My friend Paul, who I’ve known over 35 years, has been a producer in Los Angeles for a long time. As his career evolved he got involved in repackaging older shows to rerun on cable. When the Smothers Brothers went back to E! or Sonny and Cher’s old shows reran, it was Paul who put together the package.

He is called, “Raider of the Lost Archives!” The title fits.

To make these old shows new and attractive, special extra features get added. This is where Paul is a genius.

For each release there is also the pain of getting clearance and making payments to artists and performers who’d worked on these shows decades earlier. Some are tough to find. Some are impossible to find.

Over the past few years Paul has branched out. Now he repackages old shows into DVDs. The medium is different though his work product is similar.

Every few weeks we’ll be on the phone talking and Paul will tell me about some TV star of twenty or thirty years ago who he will be meeting to get guest commentary for a new DVD collection. Usually, these are people who were big stars, but have now retired… or sadly aged out of the roles they used to play.

All this work pays off, because sometimes it’s the special features, the little extras, that make his DVDs so desirable.

I’m not the only one who’s realized that. Just yesterday he scored the top two of the five “Best DVDs” in an article in the Minneapolis Star Tribune.

Paul lives in Los Angeles where success is often looked upon with envy. Not here. This is my friend and I couldn’t be more proud.

Here are the five best TV series on DVD, based on the legacy of the show and the inclusion of bountiful and substantive extras. They’re sure to take you to another dimension, a journey not only of sight and sound but of mind.

1. “The Dick Van Dyke Show”

Rob and Laura Petrie never had it so good. Each of the five season sets for the classic sitcom includes a giddy wealth of special features, thanks to DVD producer Paul Brownstein’s uncanny ability to dig them up and — more important — secure the rights to use them.

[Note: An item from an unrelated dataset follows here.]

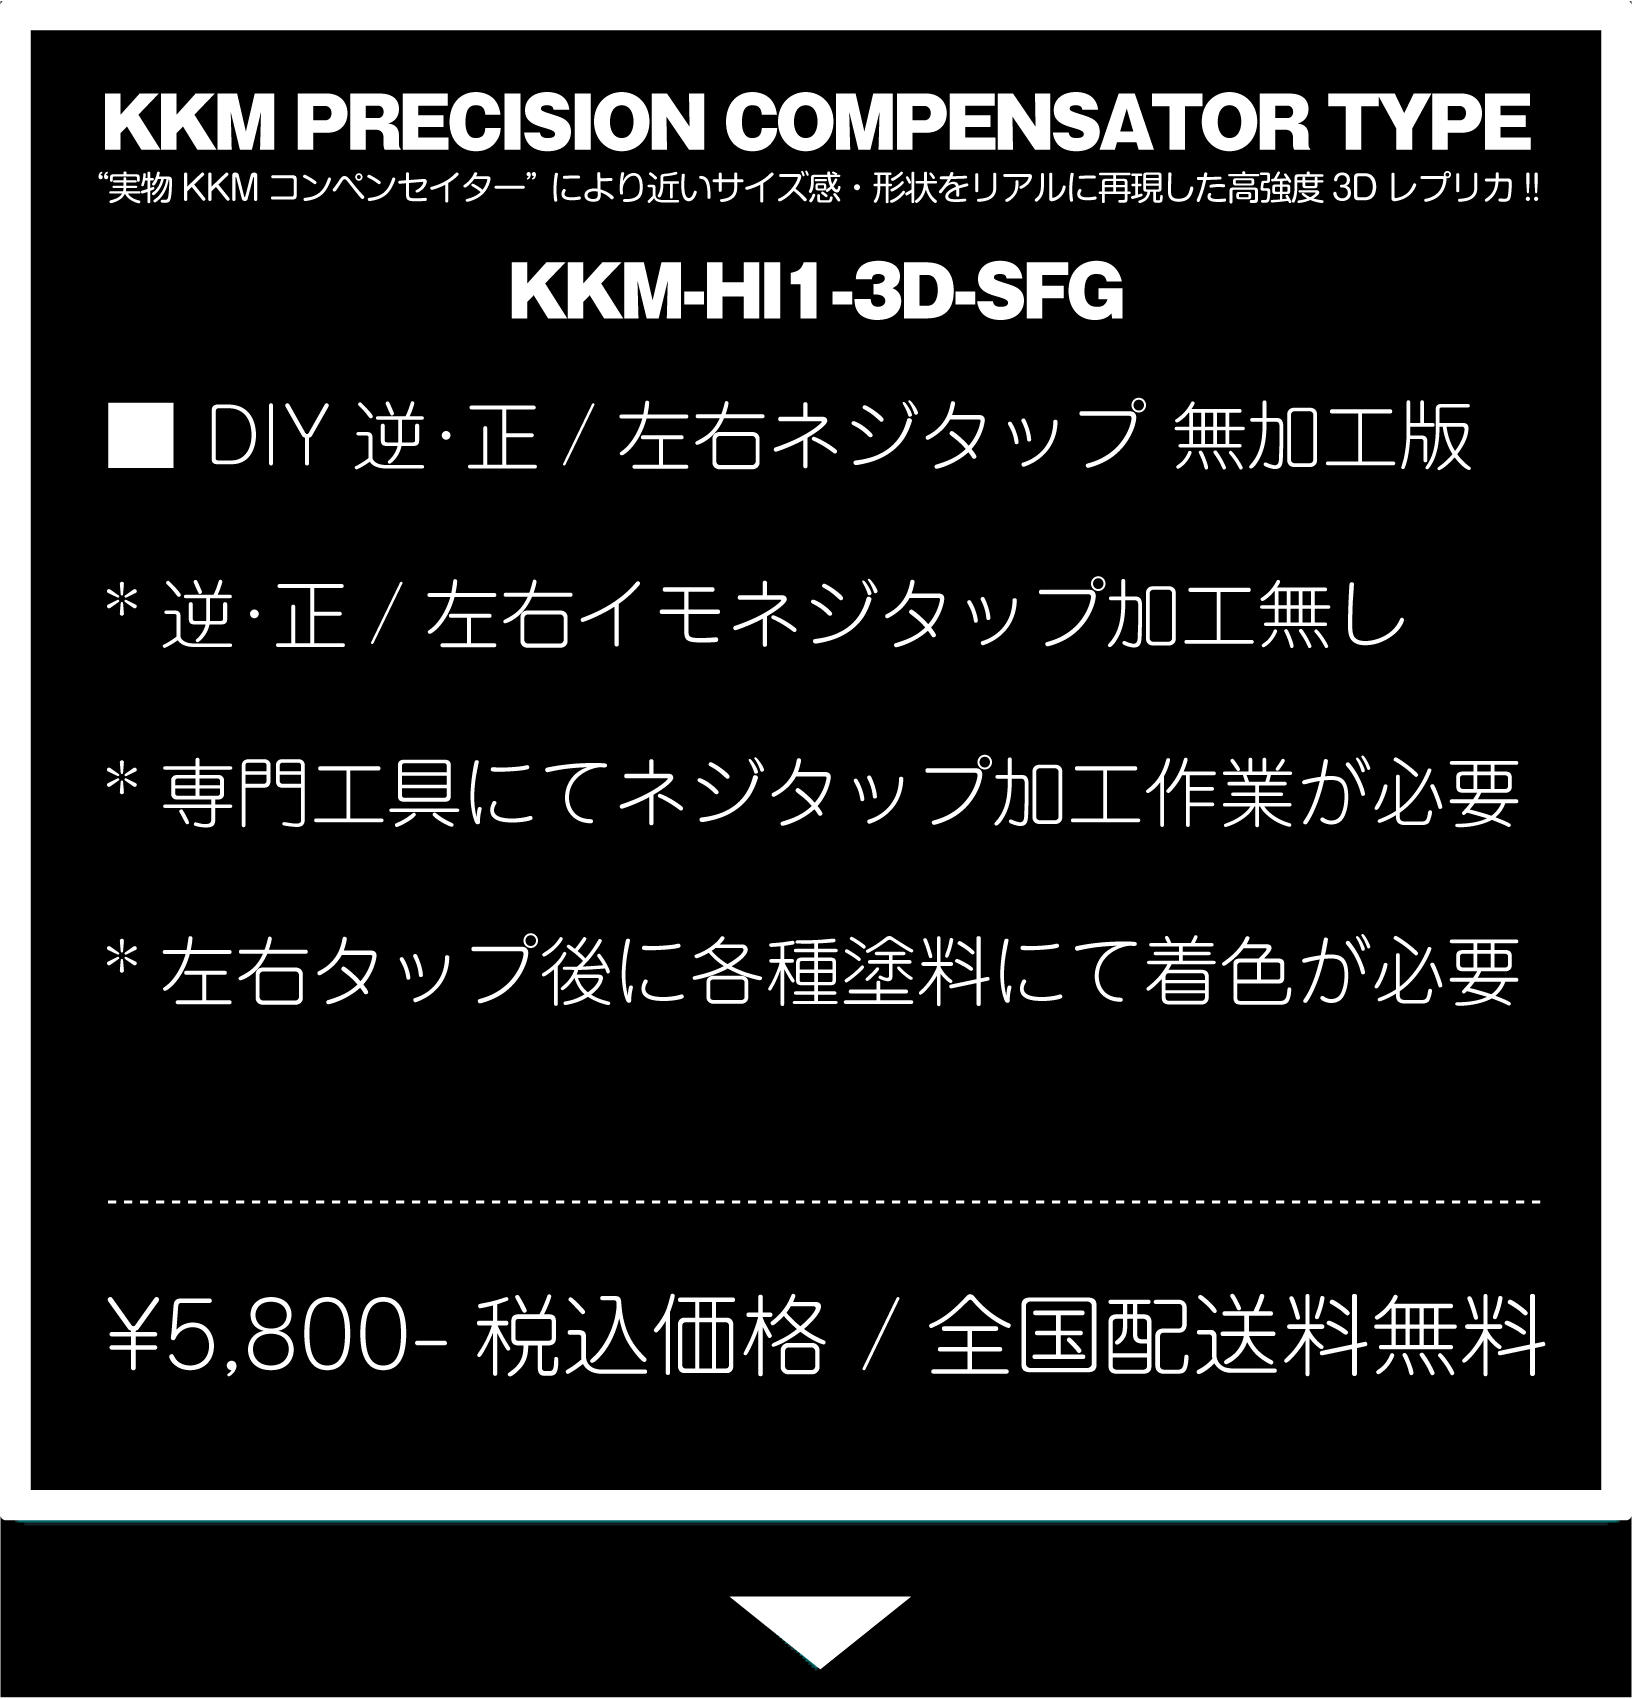 KKM PRECISION COMPENSATOR TYPE AIR SOFT HILOGstore KKM-HI1-3D-SFG

Favorites are the cast’s appearance on the game show “Stump the Stars” and Dick Van Dyke and Mary Tyler Moore’s in-character commercials for products such as dish soap and — gasp! — cigarettes (the latter a hidden feature). (Image, $69.99 per season; $249.99 for the entire five-season run.)

2. “The Twilight Zone”

Brownstein strikes again with the “Definitive Edition” re-releases of Rod Serling’s sci-fi anthology series, which has two seasons to go after the new third-season set. Goodies include commentary, isolated scores, archival audio interviews and fun bits such as the Sci Fi Channel’s promo spots for its annual “TZ” marathon. And the first-season set comes with the best program notes ever included with a DVD, the 466-page “The Twilight Zone Companion.” (Image, $119.99 for first season, $99.99 for others.)